In 2021, classical pianist Lara Downes initiated a project, Rising Sun Music, to draw attention to the influence of composers from a diversity of backgrounds upon American Classical music, assisted by producers such as Adam Abeshouse, to release newly recorded works of composers such as Price and Harry Burleigh, whose importance often has been lost in historical accounts of the development in the field.

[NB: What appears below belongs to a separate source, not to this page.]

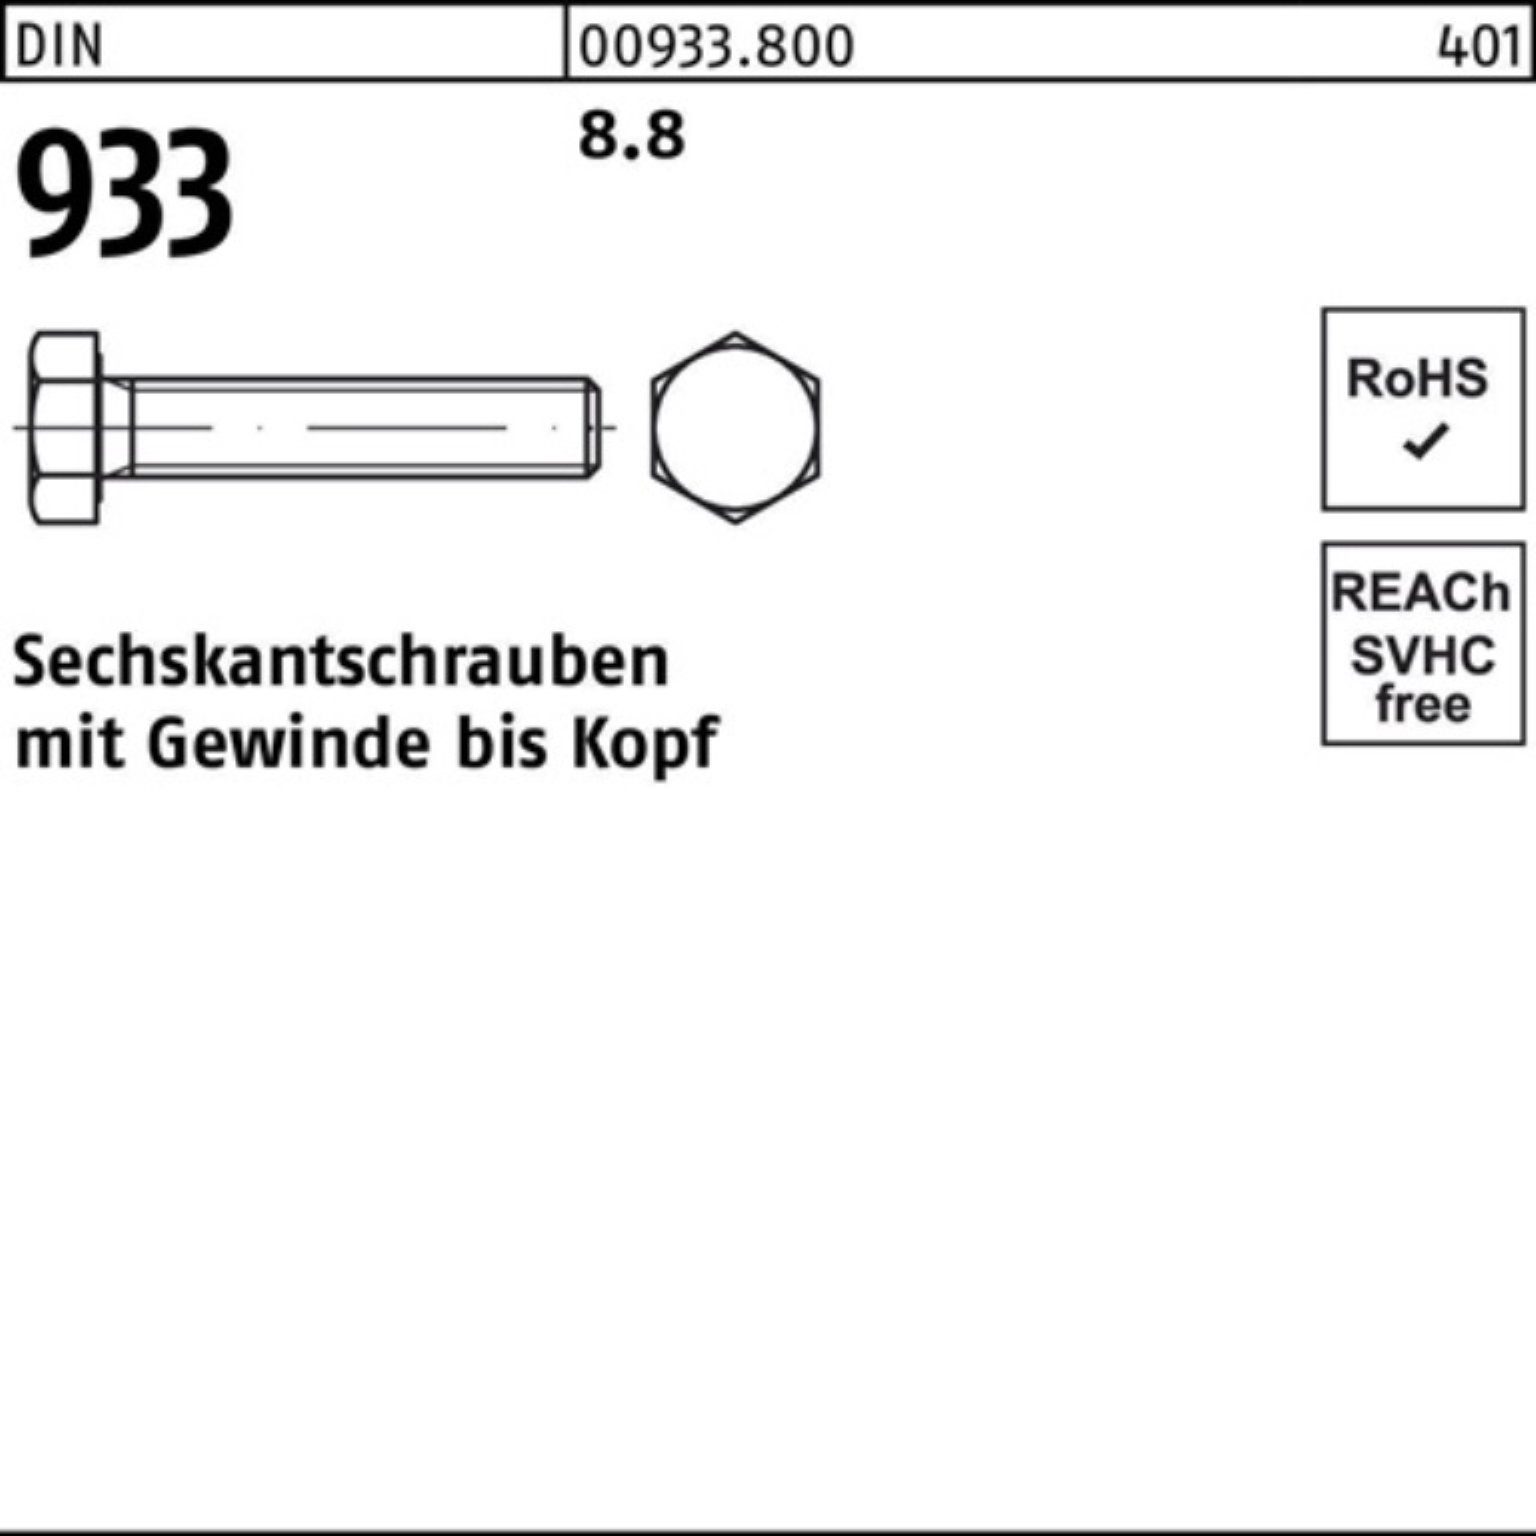 VG Sechskantschraube 10 160 Reyher Sechskantschraube 8.8 DIN Stück 100er 933 933 DIN Pack M22x

With the 2022 installment in the Catalyst Quartet’s ongoing Uncovered series focusing on the music of Black composers comes nearly two hours' worth of Price’s chamber music. "The most substantial piece, Price’s A-minor Quintet for Piano and Strings got its first recording just last year, courtesy of the Kaleidoscope Chamber Collective. Like that one, this performance impresses for its technical and expressive excellence: everything’s beautifully balanced and comes to life just as it should." Also from artsfuse.org's Jonathan Blumhofer: "Taken together, this is an album that’s at once musically significant but, more than that, thoroughly enjoyable. How tragic that, largely on account of her race and gender, Price’s music was almost erased. Yet how happy it is that revivals do happen – and how exciting that, thanks to the advocacy of groups like the Catalysts and musicians like [Michelle] Cann, we’re seeing a deserving composer finally taking her place in the American canon."

Works

Composition style
Even though her training was steeped in European tradition, Price's music is in an American idiom and reveals her Southern roots. The strong influence of the composition style of Dvorak is often noticeable, e.g., in her first violin concerto. She wrote with a vernacular style, using sounds and ideas that fit the reality of urban society. Being a committed Christian, she frequently used the music of the African-American church as material for her arrangements. At the urging of her mentor George Whitefield Chadwick, Price began to incorporate elements of African-American spirituals, emphasizing the rhythm and syncopation of the spirituals rather than just using the text. In her first symphony, a melody is inspired by the spiritual but solidly rooted in instrumental writing. Compared with Dvorak's 9th symphony, the third movement is titled Juba Dance. This antebellum folk dance would further inspire European art music composers like Debussy in its later manifestation the cakewalk. The weaving of tradition and modernism reflected the way life was for African Americans in large cities at the time.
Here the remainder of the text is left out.